Pirozynski (1977) discussed a group of ascomycetes hyperparasitic on meholaceous leaf pathogens which have in common dark-walled ascomata with diffusible red or blue piµments, and one- to several-septate, hyaline or slightly piµmented ascospores. Included amongst these was the genus Malacaria, considered by Pirozynski (1977) to possibly be congeneric with Nematothecium Syd. & P.Syd. Rossman (1987), however, retained Malacaria and Nematothecium as distinct. Malacaria is a member of the Tubeufiaceae (Rossman 1987). Nematothecium, having discomycete-like ascomata with a thin, poorly developed wall and sparse pseudoparaphyses, was provisionally placed in the Pseudoperiporiaceae by Eriksson & Hawksworth (1993, as Dimeriaceae) and Hawksworth et al. (1995), but excluded from that family by Barr (1997).
Despite the taxonomic confusion surrounding this group of fungi at the generic and higher levels, many similar species have been described as hyperparasites of Meliolaceae and other biologically and macroscopically similar fungi (Hansford 1946, 1954; Sathe & Vaidya 1976; Rossman 1987). Many of these species are poorly known, and often lack type material (Rossman 1987).
The only species of Malacaria to have been described from Meliolina is M. meliolinae Hansf, reported from Uganda and India (Hughes 1993). Although the type of M. meliolinae was not examined by Rossman (1987), Hansford's (1946) description matches Rossman's concept of Malacaria.

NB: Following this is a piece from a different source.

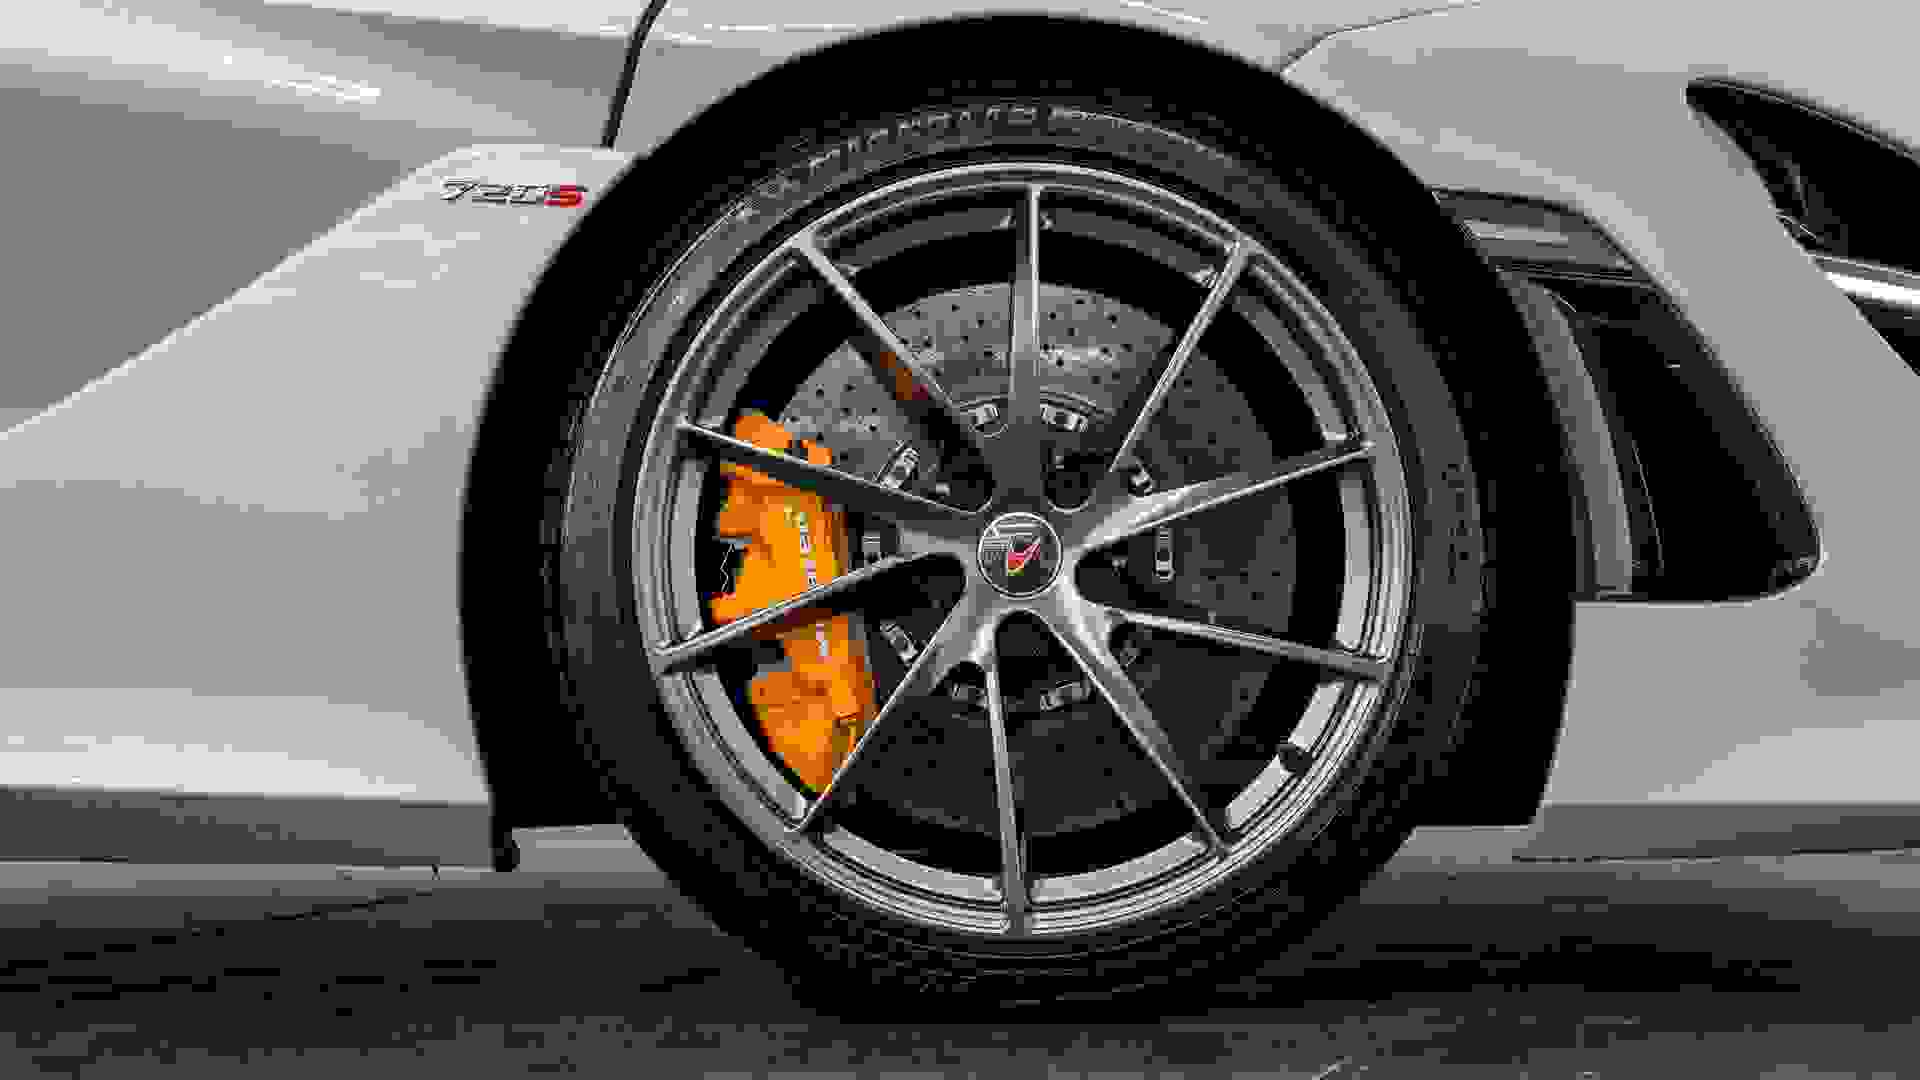 McLaren 720S Photo 2ffab948-9e29-437c-adf0-0c156c078d6f.jpg

NOTES: The New Zealand material closely matches Hansford's (1946) description of M. meliolinae, and is for now considered to belong in this species. The isthmioid ascospore shape (Cannon 1995) has not previously been noted, but the central constriction of the spores is indistinct, and is easily missed for spores still within the asci. The small differences in ascus and ascospore size (cited as 110-130 x 10-12 M and 70-90 x 3 µm, respectively, by Hansford 1946) are here regarded as probable intraspecific variation. However, Hansford's type material is apparently missing (Rossman 1987), and greater assurance as to the significance of these differences will require additional collections from throughout the range of this fungus. Such collections may show this Meliolina hyperparasite to be genetically distinct in the geographically widespread regions from which it has been reported.